SUPPLIED ENTRIES >>
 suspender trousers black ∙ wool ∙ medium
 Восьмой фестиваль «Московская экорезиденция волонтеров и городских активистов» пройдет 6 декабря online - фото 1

* * *

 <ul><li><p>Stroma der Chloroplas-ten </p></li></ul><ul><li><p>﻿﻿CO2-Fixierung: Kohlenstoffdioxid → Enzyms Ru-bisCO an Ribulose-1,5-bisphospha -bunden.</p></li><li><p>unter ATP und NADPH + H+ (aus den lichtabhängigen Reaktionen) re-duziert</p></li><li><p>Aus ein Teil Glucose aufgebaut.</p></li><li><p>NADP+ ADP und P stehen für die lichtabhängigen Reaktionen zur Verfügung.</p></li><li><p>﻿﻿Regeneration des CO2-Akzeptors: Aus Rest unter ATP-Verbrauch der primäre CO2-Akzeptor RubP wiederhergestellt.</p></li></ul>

--

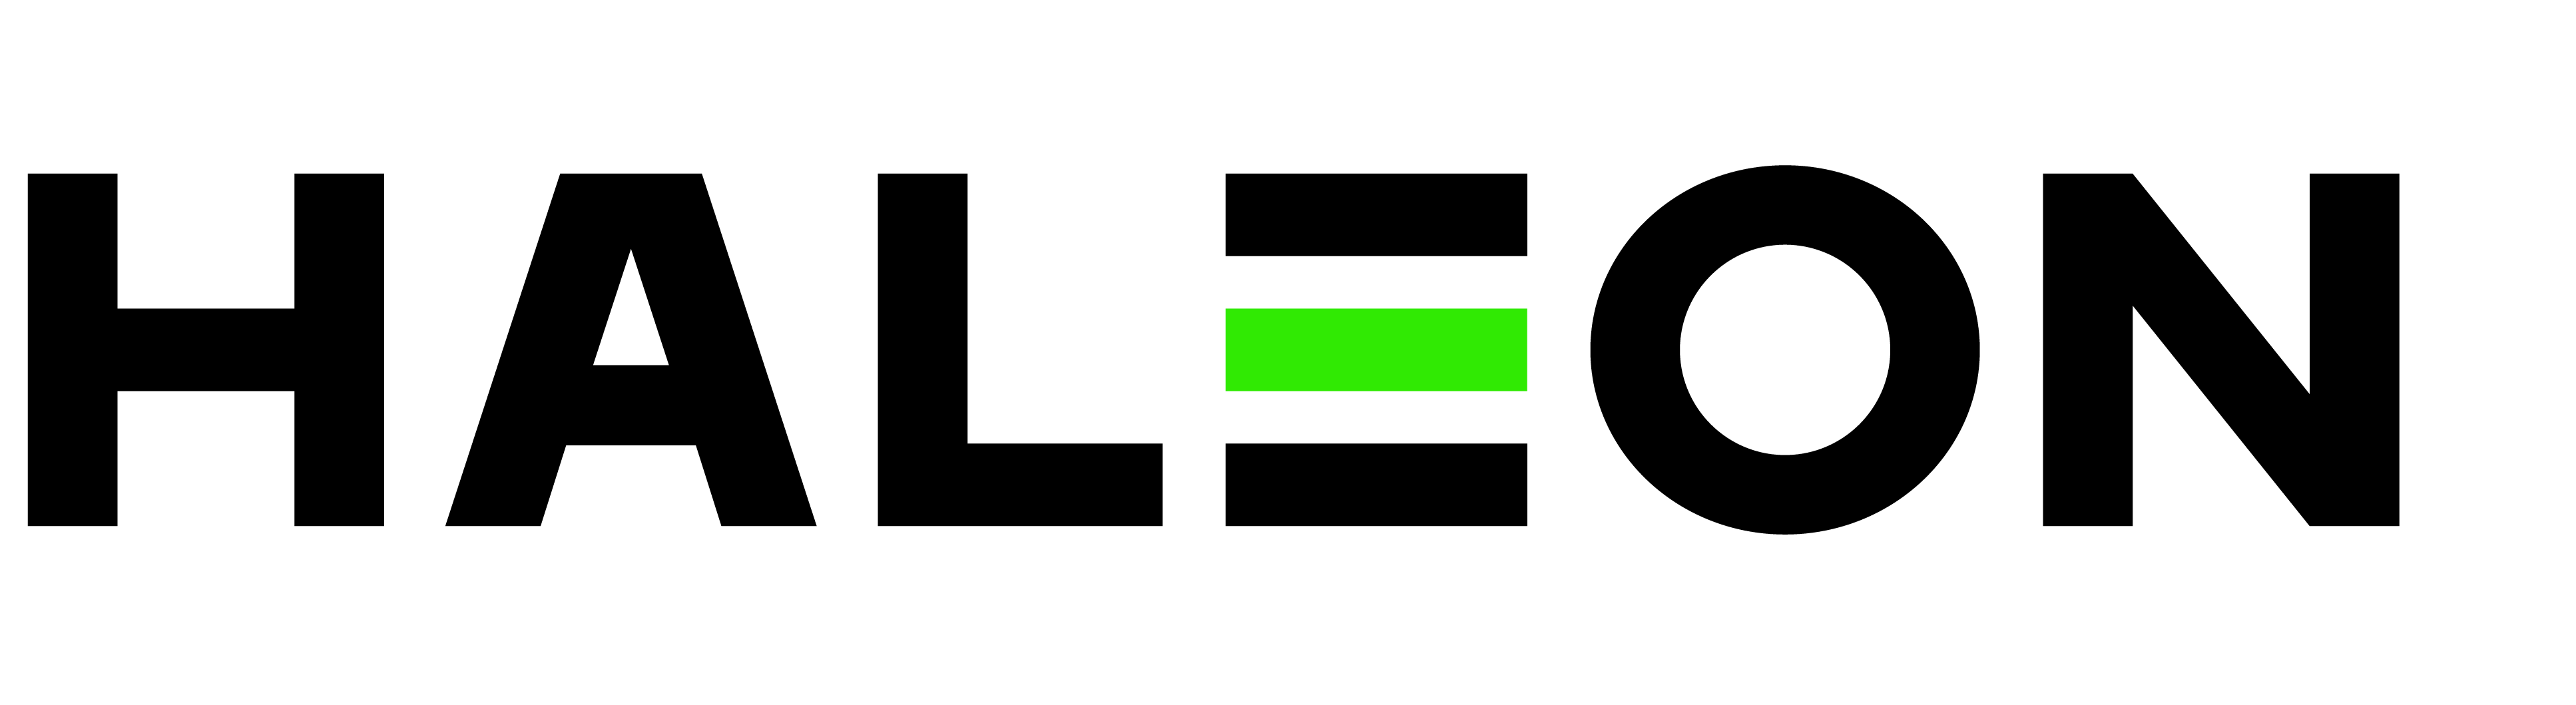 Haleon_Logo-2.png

YOUR OBJECTIVE >> Reproducing the whole listing above is not the task. Copy exactly only the lines from the one with "suspender trousers black ∙ wool ∙ medium" to the one with "online - фото 1", both kept.

RESULT OF THIS TASK >>
 suspender trousers black ∙ wool ∙ medium
 Восьмой фестиваль «Московская экорезиденция волонтеров и городских активистов» пройдет 6 декабря online - фото 1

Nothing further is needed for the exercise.